Look at the Poll for Job Status example state machine for inspiration on how to wait for the CTAS operation to complete.
When the CTAS operation has completed list the partitions created in the temporary table created with Glue GetPartitions and create the same partitions in the query table with BatchCreatePartitions.
Finally delete all files that belong to the partitions of the query table you deleted and drop the temporary table created by the CTAS operation.
If you decide on a partitioning on something longer than date you can still use the process above, but you also need to delete partitions in the query table and the corresponding data on S3, because each update will replace existing data (e.g. with partitioning by month, which I would recommend you try, every day you would create new files for the whole month, which means that the old files need to be removed). If you want to update your query table multiple times per day it would be the same.
This looks like a lot, and looks like what Glue Crawlers and Glue ETL does – but in my experience they don't make it this easy.

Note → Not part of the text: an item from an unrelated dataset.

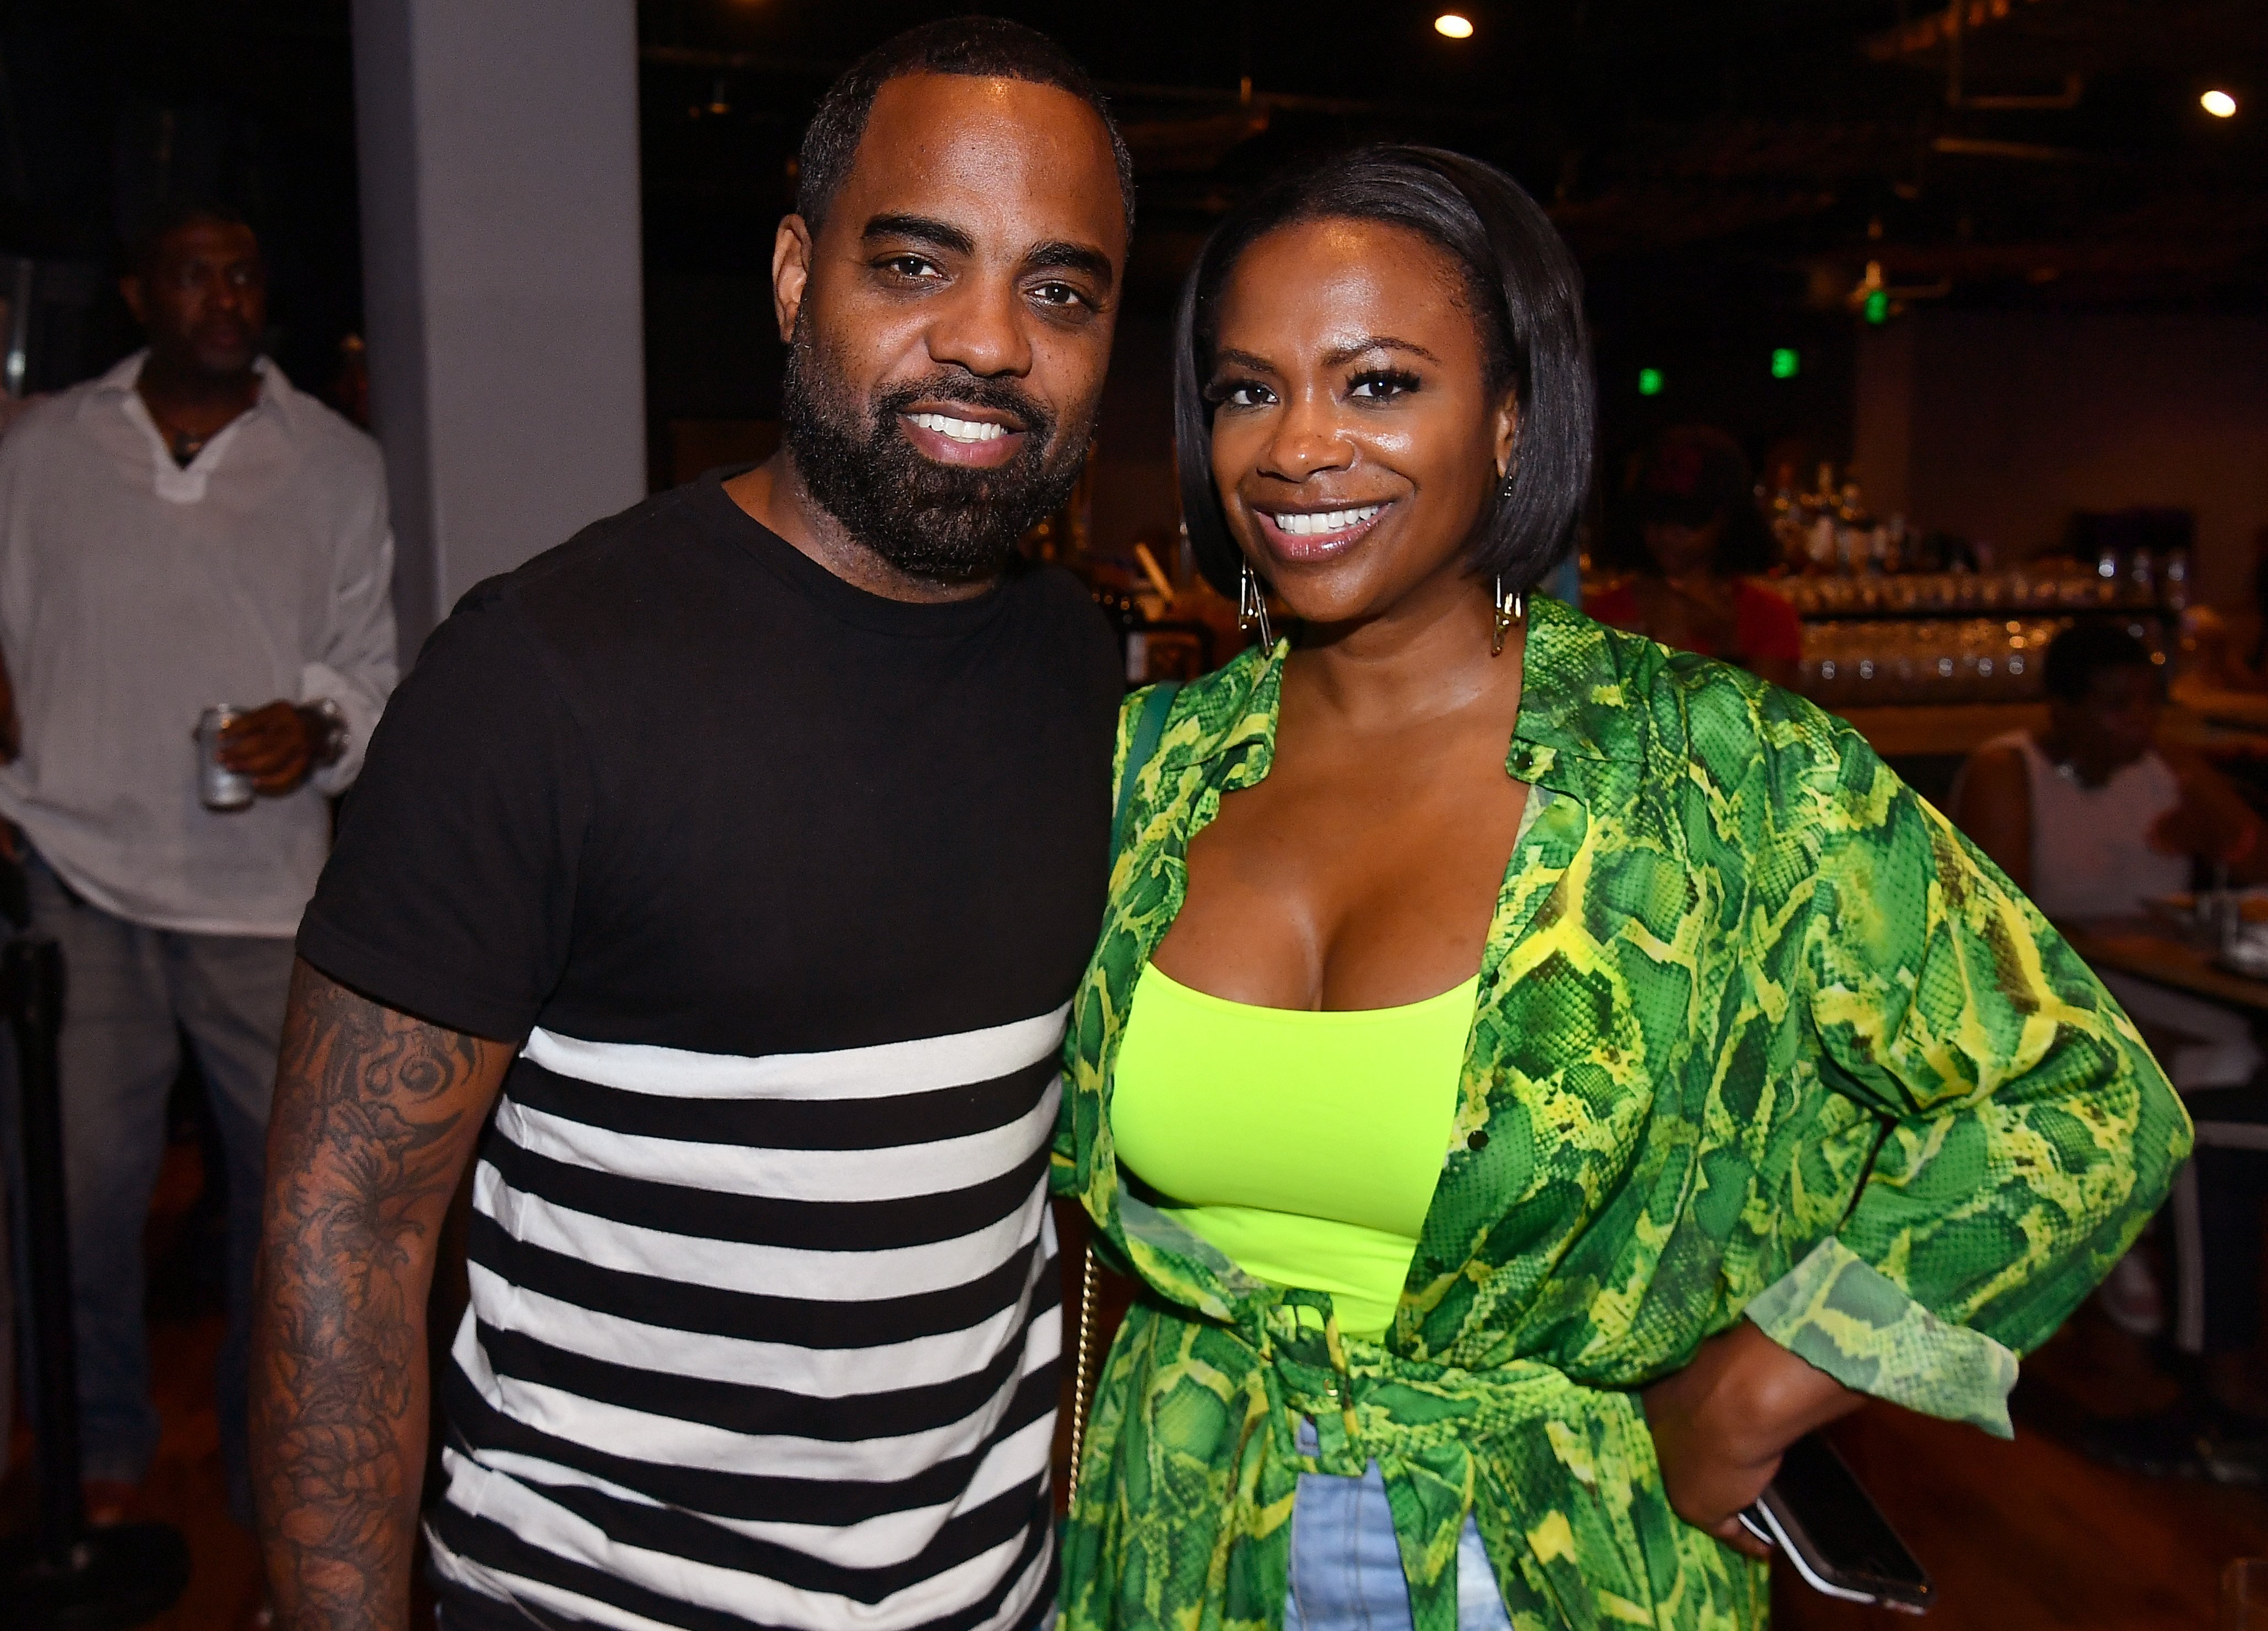 Todd Tucker and Kandi Burruss at Majic 107.5 After Dark at City Winery, 2019 | Photo: Getty Images

In your case the data is partitioned using Hive style partitioning, which Glue Crawlers understand, but in many cases you don't get Hive style partitions but just Y/M/D (and I didn't actually know that Firehose could deliver data this way, I thought it only did Y/M/D). A Glue Crawler will also do a lot of extra work every time it runs because it can't know where data has been added, but you know that the only partition that has been added since yesterday is the one for yesterday, so crawling is reduced to a one-step-deal.
Glue ETL is also makes things very hard, and it's an expensive service compared to Lambda and Step Functions. All you want to do is to convert your raw data form JSON to Parquet and re-partition it. As far as I know it's not possible to do that with less code than an Athena CTAS query. Even if you could make the conversion operation with Glue ETL in less code, you'd still have to write a lot of code to replace partitions in your destination table – because that's something that Glue ETL and Spark simply doesn't support.
Athena CTAS wasn't really made to do ETL, and I think the method I've outlined above is much more complex than it should be, but I'm confident that it's less complex than trying to do the same thing (i.e. continuously update and potentially replace partitions in a table based on the data in another table without rebuilding the whole table every time).
What you get with this ETL process is that your ingestion doesn't have to worry about partitioning more than by time, but you still get tables that are optimised for querying.